= PROMPT =
In the records below, find the line with "Pavati Leather Sling Chair, Brown - Image 1" and the line with "Lighted Easel Sculpture"; return exactly those lines and every line between them.

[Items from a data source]
★ ★ ★
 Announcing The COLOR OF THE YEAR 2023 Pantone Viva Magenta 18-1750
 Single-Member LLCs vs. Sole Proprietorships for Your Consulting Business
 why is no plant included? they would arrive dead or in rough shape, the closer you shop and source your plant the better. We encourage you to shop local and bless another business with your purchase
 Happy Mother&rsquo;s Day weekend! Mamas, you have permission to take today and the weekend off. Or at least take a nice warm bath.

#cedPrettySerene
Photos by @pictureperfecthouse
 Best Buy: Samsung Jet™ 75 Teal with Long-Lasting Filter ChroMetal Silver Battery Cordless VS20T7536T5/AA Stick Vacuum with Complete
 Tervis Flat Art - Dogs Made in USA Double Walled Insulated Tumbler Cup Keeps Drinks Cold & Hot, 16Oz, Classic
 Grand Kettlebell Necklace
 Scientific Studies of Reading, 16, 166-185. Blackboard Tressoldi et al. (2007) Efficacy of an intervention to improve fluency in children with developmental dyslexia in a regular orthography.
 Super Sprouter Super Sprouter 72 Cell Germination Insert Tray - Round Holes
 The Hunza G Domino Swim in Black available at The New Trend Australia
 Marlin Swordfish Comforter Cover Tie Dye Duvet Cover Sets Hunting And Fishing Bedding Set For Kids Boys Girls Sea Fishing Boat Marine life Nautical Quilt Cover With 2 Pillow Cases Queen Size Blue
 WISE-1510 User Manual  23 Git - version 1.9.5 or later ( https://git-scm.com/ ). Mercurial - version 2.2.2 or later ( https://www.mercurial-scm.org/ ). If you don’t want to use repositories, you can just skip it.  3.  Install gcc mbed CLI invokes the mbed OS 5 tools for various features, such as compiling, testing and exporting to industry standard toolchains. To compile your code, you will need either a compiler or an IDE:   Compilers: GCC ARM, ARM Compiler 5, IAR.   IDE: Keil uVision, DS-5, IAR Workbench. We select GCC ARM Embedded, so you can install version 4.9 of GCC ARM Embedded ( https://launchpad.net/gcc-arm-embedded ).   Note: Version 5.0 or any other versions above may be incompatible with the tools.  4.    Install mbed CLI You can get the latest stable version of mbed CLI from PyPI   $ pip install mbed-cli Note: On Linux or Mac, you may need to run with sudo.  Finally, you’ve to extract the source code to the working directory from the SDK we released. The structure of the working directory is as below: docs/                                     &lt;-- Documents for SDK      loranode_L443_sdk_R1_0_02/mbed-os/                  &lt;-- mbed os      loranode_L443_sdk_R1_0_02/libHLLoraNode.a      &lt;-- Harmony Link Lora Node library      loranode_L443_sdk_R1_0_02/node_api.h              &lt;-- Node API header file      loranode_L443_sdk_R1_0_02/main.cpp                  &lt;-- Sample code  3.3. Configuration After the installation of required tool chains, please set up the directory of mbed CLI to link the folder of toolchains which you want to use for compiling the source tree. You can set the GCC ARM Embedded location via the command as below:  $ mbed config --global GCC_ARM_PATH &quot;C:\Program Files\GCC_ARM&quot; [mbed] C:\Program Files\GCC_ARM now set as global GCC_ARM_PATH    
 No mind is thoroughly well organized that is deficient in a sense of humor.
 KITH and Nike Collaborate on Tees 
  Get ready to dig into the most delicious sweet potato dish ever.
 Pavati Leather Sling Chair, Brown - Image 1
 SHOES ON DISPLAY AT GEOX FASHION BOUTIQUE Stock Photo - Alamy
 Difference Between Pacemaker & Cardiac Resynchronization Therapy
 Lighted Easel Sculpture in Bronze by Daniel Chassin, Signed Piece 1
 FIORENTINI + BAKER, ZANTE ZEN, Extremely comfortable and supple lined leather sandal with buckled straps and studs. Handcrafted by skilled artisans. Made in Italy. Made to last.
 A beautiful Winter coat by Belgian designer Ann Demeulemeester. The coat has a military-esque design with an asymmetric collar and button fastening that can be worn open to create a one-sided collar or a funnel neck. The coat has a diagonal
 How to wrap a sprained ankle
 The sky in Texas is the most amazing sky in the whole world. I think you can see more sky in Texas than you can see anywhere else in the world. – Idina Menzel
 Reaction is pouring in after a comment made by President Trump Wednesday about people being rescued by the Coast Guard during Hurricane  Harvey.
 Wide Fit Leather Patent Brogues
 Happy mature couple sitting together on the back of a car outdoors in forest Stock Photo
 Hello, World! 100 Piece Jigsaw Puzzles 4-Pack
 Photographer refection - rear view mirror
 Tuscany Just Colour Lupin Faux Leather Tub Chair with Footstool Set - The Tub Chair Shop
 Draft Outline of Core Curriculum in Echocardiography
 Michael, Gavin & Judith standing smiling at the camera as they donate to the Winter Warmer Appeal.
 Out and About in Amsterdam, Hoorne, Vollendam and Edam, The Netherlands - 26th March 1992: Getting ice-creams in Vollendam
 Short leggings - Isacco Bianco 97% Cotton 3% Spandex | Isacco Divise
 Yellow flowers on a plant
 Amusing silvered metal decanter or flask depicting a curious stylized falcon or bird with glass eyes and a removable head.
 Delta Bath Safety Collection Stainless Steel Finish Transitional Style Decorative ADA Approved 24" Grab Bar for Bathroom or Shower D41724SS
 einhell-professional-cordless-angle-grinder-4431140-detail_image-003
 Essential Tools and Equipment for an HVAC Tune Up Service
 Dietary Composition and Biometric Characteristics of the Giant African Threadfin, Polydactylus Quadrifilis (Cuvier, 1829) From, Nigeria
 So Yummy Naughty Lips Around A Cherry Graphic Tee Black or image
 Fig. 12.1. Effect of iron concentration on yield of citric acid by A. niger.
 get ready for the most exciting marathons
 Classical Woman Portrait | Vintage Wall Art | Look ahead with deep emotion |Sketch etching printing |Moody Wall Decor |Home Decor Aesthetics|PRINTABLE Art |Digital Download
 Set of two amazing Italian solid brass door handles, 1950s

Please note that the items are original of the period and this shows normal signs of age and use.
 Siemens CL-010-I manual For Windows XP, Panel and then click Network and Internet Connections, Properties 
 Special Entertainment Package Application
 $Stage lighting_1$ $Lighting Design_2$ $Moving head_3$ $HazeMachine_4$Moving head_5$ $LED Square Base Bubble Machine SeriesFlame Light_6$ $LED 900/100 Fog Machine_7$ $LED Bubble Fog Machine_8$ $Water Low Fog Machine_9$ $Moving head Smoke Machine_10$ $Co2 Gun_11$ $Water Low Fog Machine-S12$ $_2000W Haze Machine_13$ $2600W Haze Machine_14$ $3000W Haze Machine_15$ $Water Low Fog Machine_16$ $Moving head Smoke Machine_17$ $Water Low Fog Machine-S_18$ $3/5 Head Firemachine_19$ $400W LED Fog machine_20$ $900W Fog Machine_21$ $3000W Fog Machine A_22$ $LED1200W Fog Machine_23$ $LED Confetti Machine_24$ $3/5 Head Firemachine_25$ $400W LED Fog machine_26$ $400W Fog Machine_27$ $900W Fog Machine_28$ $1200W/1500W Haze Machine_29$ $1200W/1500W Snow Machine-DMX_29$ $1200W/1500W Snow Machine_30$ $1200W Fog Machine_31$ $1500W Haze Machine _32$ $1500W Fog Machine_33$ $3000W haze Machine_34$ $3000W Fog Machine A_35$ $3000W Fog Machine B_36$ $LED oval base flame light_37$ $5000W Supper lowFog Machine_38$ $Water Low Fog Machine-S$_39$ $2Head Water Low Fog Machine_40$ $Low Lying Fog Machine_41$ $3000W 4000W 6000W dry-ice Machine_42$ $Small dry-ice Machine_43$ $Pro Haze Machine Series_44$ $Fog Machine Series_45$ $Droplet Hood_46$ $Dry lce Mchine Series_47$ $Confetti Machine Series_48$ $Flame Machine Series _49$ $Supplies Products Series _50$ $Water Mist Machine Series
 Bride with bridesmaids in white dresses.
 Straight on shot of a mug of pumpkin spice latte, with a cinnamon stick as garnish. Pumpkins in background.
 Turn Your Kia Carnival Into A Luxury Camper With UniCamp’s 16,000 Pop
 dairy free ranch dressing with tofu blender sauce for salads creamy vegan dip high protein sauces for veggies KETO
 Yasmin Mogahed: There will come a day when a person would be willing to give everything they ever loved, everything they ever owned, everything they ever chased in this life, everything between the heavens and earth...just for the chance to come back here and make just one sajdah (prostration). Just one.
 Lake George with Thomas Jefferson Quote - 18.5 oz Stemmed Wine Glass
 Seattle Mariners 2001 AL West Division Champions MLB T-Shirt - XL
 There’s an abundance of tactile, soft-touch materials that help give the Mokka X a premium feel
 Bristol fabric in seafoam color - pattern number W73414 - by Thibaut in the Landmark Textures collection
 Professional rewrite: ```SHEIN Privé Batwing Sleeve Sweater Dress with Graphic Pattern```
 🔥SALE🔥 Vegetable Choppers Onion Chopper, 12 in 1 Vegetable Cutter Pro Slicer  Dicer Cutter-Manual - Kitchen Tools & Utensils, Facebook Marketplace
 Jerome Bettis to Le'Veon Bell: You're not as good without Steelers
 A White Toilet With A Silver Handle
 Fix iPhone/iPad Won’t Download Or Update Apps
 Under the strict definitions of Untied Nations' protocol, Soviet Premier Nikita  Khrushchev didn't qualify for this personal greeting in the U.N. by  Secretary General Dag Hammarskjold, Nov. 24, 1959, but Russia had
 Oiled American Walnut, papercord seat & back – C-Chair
★ ★ ★
= YOUR SOLUTION =
 Pavati Leather Sling Chair, Brown - Image 1
 SHOES ON DISPLAY AT GEOX FASHION BOUTIQUE Stock Photo - Alamy
 Difference Between Pacemaker & Cardiac Resynchronization Therapy
 Lighted Easel Sculpture in Bronze by Daniel Chassin, Signed Piece 1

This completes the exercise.